Summary: God has called us to be saints and to live lives of holiness.


There’s a story about two brothers who had terrorized the small town where they lived for decades. They were unfaithful to their wives, abusive to their children, and dishonest in business. They were loud, boisterous and just plain rude to nearly everyone. One day, out of the clear blue, the younger brother died. The older brother went to the preacher of the local church and said, "Preacher, I’d like you to conduct my brother’s funeral. And it’s important to me that during the service, you say my brother was a saint."

The preacher said, "I can’t do that. We both know he was far from that."

The older brother pulled out his checkbook and said, "Preacher, I’m prepared to give $100,000 to your church. All I’m asking is that you publicly state that my brother was a saint."

On the day of the funeral, the preacher began his sermon this way. "Everyone here knows that the deceased was a wicked man, a womanizer, and a drunk. He terrorized his employees and cheated on his taxes." The preacher paused for a second and then continued, "But as evil and sinful as this man was, compared to his older brother, he was a saint!"

This morning, I want to speak to an audience of people who are called to be saints. In Romans 1:7, Paul said he was addressing the Roman letter to “all who are in Rome, beloved of God, called to be saints.”

In I Corinthians 1:2, Paul addressed the Corinthian letter to “the church of God which is in Corinth, to those who are sanctified in Christ Jesus, called to be saints.”

In fact, the term “saint” must have been Paul’s favorite word for describing Christians because he used it about 60 times in his letters, which is especially surprising when you realize that he never once called them Christians. And yet “saint” is not a word we use much in the church today. I’ve never heard anyone in this congregation say, “Yeah, my wife and I are having a few saints over to our house for dinner tomorrow night” or “My insurance agent is a saint.”

But it certainly would be appropriate to say that. Because a saint, as the term is used in the New Testament, is not a specially pious Christian who has died and has been canonized by an ecclesiastical council -- St. Peter, St. Augustine, St. Patrick. The Greek word translated “saint” is “hagios”, “set apart one” or “holy one”. And according to scripture, every Christian -- whether well-known or unknown, leader or follower -- every Christian is a saint. In the biblical sense, the most obscure Christian is just as much a saint as the apostle Paul.

And so if you’re a Christian here this morning, then you’ve been called to be a saint. I want to talk a little bit about what that means to us.

As I’ve already suggested, the Greek word for “saint” is very closely connected with the Greek word for “holy”, and that’s not a word we like to use much either.

I think maybe the reason is that the word brings with it some negative images.
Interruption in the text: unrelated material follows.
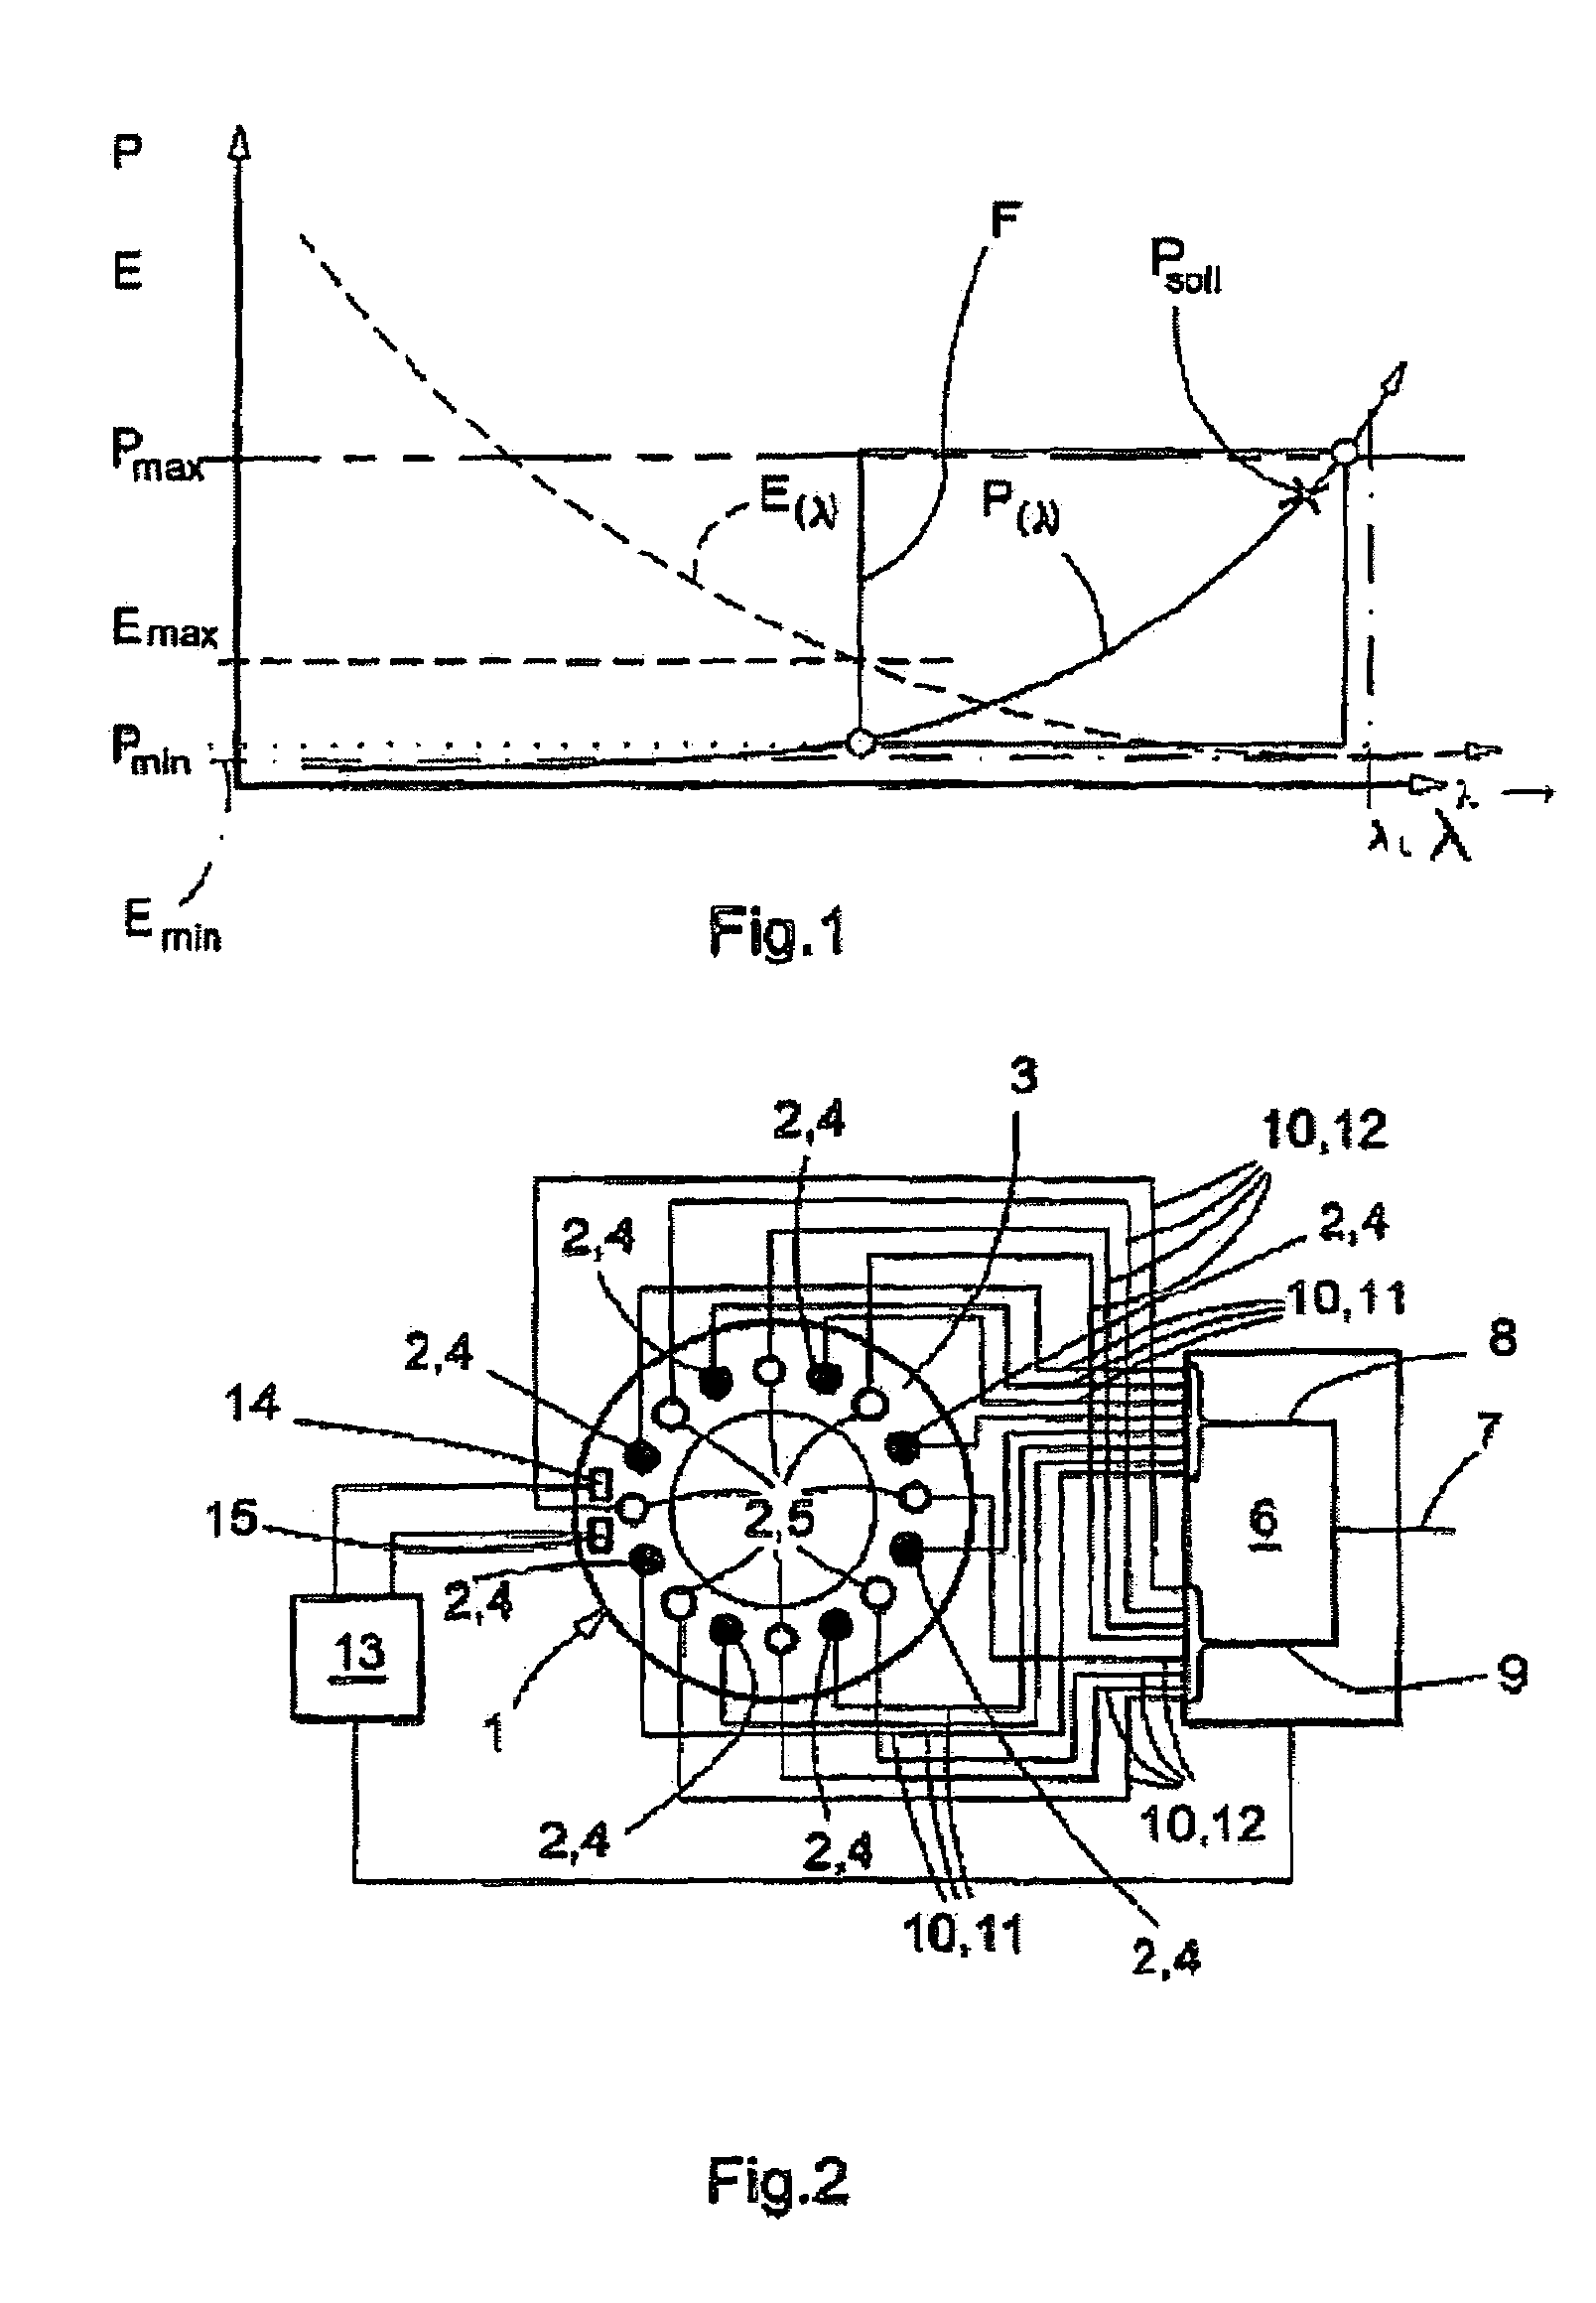 Method for operating a furnace

We hear people talk about those who have a "holier than thou" kind of attitude, and so to claim to be holy doesn’t seem to be something we want to do. Also, the word seems to suggest to us a glowing halo over someone’s head and so we don’t really think of ourselves as being "holy".
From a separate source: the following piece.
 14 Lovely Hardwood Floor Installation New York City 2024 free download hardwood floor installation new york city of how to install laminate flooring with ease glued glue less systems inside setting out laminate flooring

Later on in the lesson I want to go into some detail about what it means to be holy, but for now let me just suggest to you that being holy simply means growing in our knowledge of God’s Word and our obedience to it. That involves adding those qualities that make us more like Christ, and getting rid of those qualities that are ungodly.
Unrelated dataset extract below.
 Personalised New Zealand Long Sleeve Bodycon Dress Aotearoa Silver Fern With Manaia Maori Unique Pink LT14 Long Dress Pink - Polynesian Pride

When we understand that, I don’t think there is any way for us to over-emphasize the importance of holiness in a Christian’s life. I like this quote from John MacArthur who said:

"God’s desire for His children here on earth is purity of life. It is impossible to study Scripture attentively and not be overwhelmingly convinced that God seeks above all else for His people to be holy and that He is grieved by sin of any kind...Because God is so concerned for the holiness of His people, they should be equally concerned. The church cannot preach and teach a message it does not live and have any integrity before God, or even before the world. Yet in many churches where there is no tolerance for sin in principle there is much tolerance for it in practice. And when preaching becomes separated from living, it becomes separated both from integrity and from spiritual and moral effectiveness. It promotes hypocrisy instead of holiness." (John MacArthur, Commentary on Matthew 16-23, pp. 123-124).